The museum was very pleasant once more, and I was sad to leave it.  I wanted to seize the day and maximize my experience because this was my last day in Scotland. When I left London, I was eager to escape the metropolis, but I was reluctant to leave Edinburgh.  During my brief visit, I have really forged a connection with this city.  As I strolled through a park lined with trees wearing pink leaves, I thought, “I could live here,” and I truly believe that.  


Maybe I am getting ahead of myself.  I have a tendency to fall head over heels for women I barely know.  I must become enamored with cities in a similar fashion.

Although rain is frequently forecasted and the annoying sounds of bagpipe music are inescapable, Edinburgh has an atmosphere of other-worldliness and intellect.  The birthplace of famous writers such as Robert Louis Stevenson, Arthur Conan Doyle, and Sir Walter Scott, the city’s literary history is embodied in the gothic rocket ship on Princes Street. 


A statue of David Hume stands on the Royal Mile.  Students rub his golden toe for good luck on upcoming exams. 


His lingering presence reminds visitors that great thinkers sprang from this soil, and now their ghosts haunt the graveyards that inspire great writers of today like J.K. Rowling, who perused the cemeteries in search for memorable character names.  A man named Thomas Riddle died in 1806 and was buried in Edinburgh.  Now strangers visit his grave because a fictional character in a popular fantasy series bears his name.  


The marriage of the past and the present——markedly represented by the clear distinction of Old Town and New Town——is what makes Edinburgh such a unique place to visit.  The New Town has its Georgian architecture, the attached apartment buildings that curve along  the cobble-stone streets.  


There are modern, less-appealing buildings on the main drag.  Despite the concentration of commercialized chains, Edinburgh is not overwhelmed with recognizable capitalistic enterprises.  Even the New Town has clung onto many remnants of the past.  

Across the bridge, the Old Town has retained its medieval layout.  The fortress is perched atop Castle Rock, the site of an extinct volcano.  The Royal Mile slopes downward to the Holyrood Palace.  Along the way, narrow alleys called closes verge sideways from the main artery and lead down the hill.  
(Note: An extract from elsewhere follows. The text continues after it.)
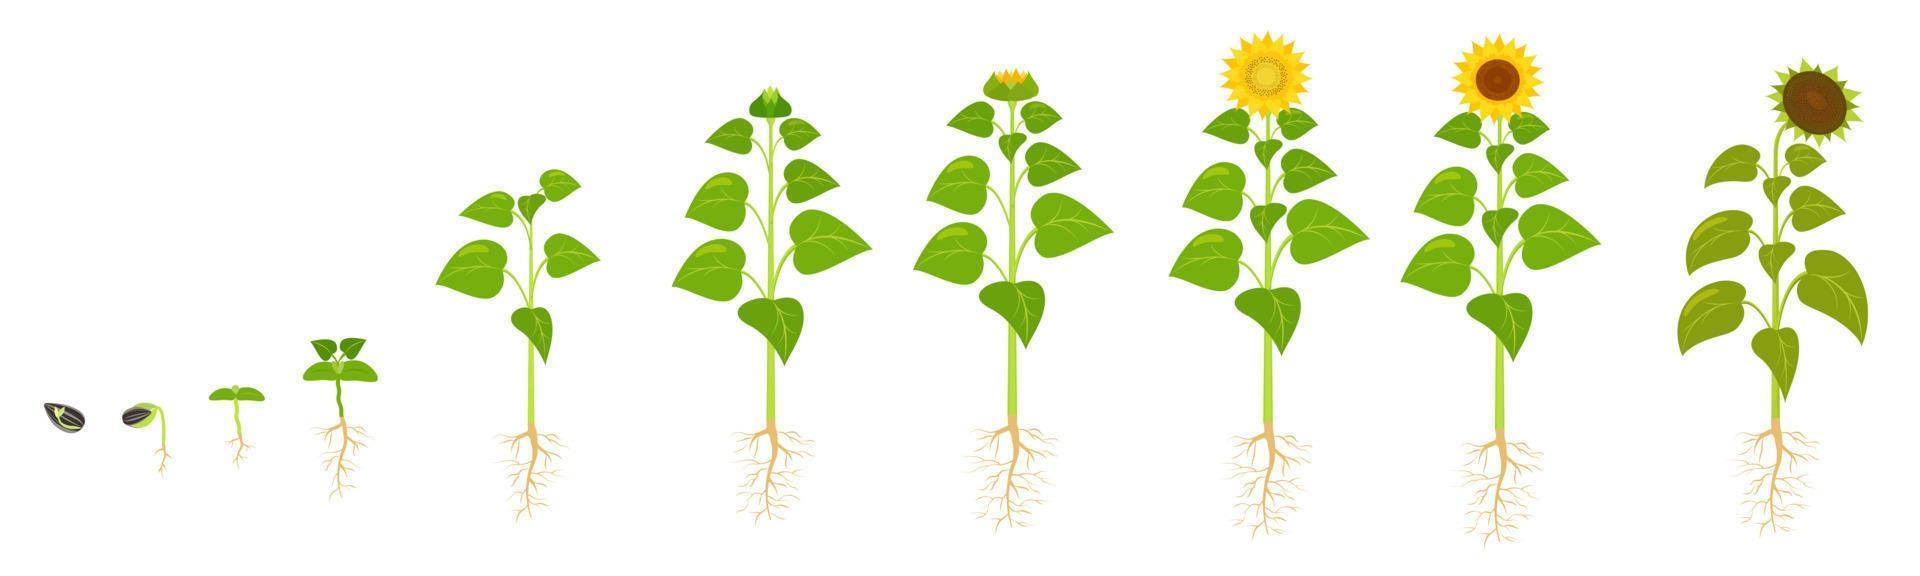 cycle de croissance du tournesol. germination des graines. la séquence des stades de développement des fleurs en agriculture. vecteur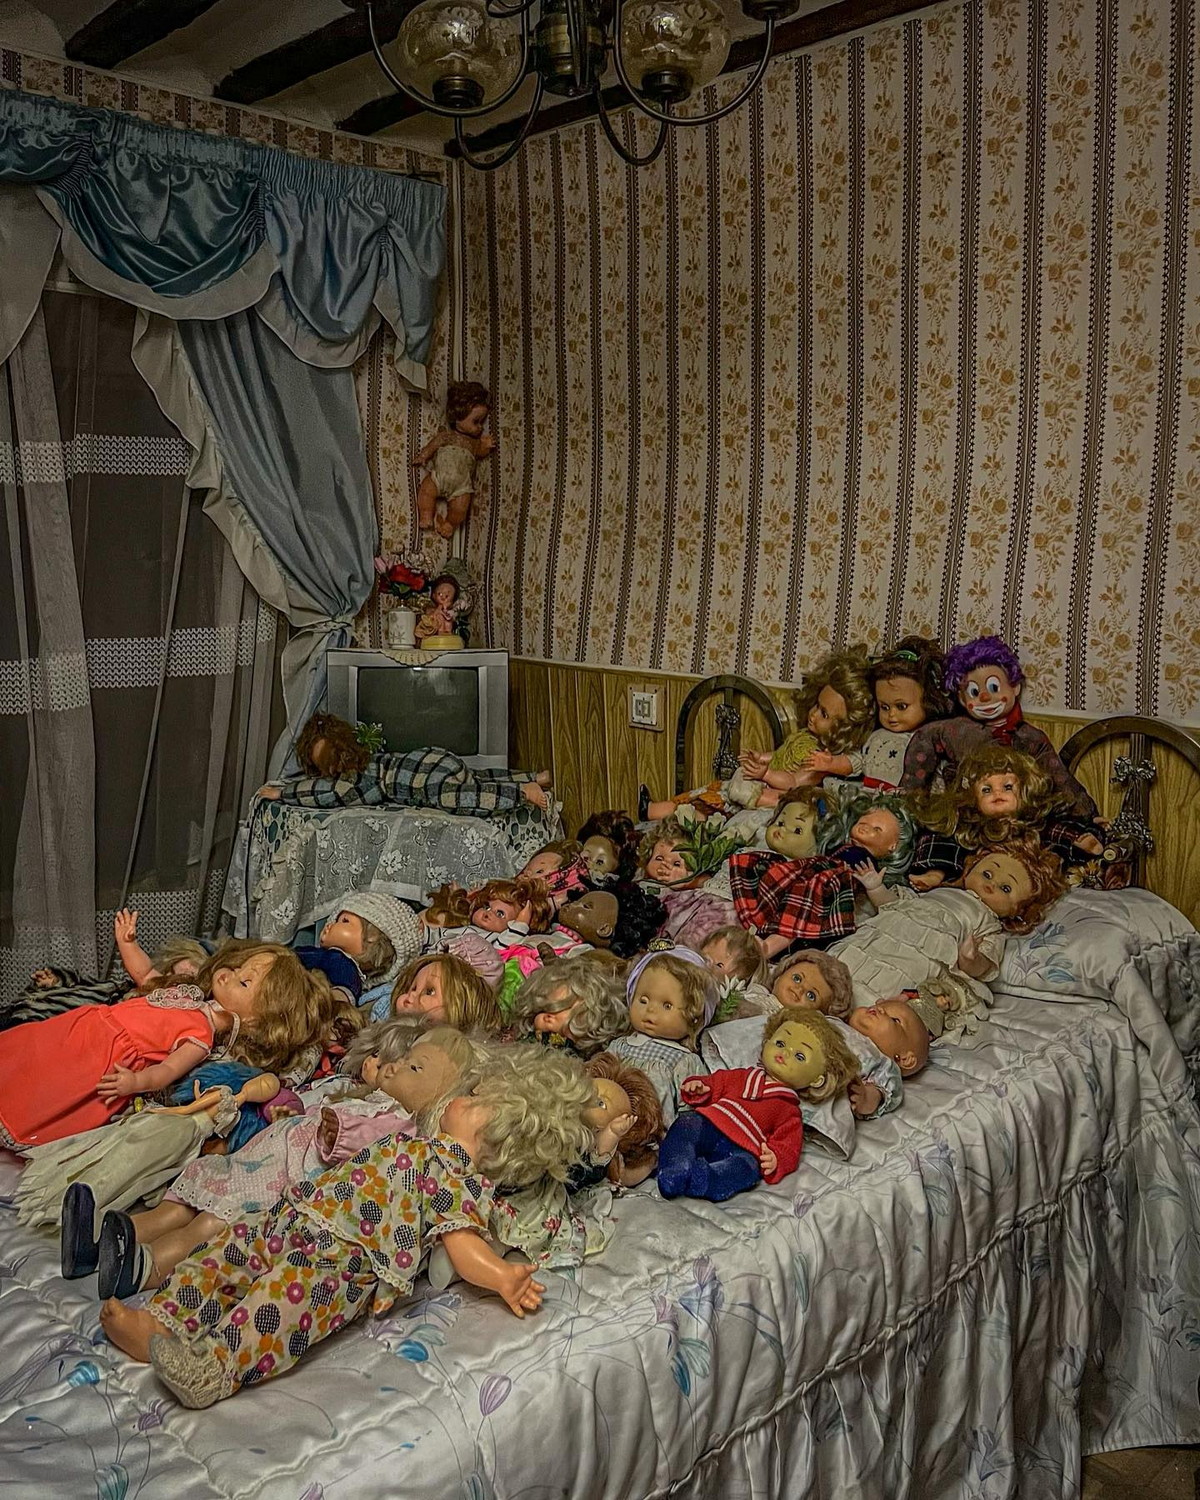 Жуткий заброшенный испанский дом с тысячей кукол

The closes open up into a concentration of pubs in the Grassmarket, or into Greyfriar’s Kirkyard, where Bobby the Skye Terrier guarded the grave of his owner John Gray for fourteen years.  Due to his diligent service, Bobby was buried just outside the graveyard, and a statue was erected in his honor.  

Every building and every graveyard seems to have an intriguing story behind it.  This quality is especially a bonus since much of Edinburgh’s backyard looks like Hogwarts.    

A few days earlier I met an American woman working in a fudge shop on the Royal Mile.  As she spoke with the customers before me, I was surprised by her accent, so I asked what brought her to Scotland.  She said she stumbled upon the university here and spoke with an advisor who was able to enroll her for a master’s program.  She fell in love with the campus, which she hadn’t planned on visiting.  Her immediate adoration quelled my anxiety.  Apparently, Edinburgh has a hypnotic effect on many of those who visit.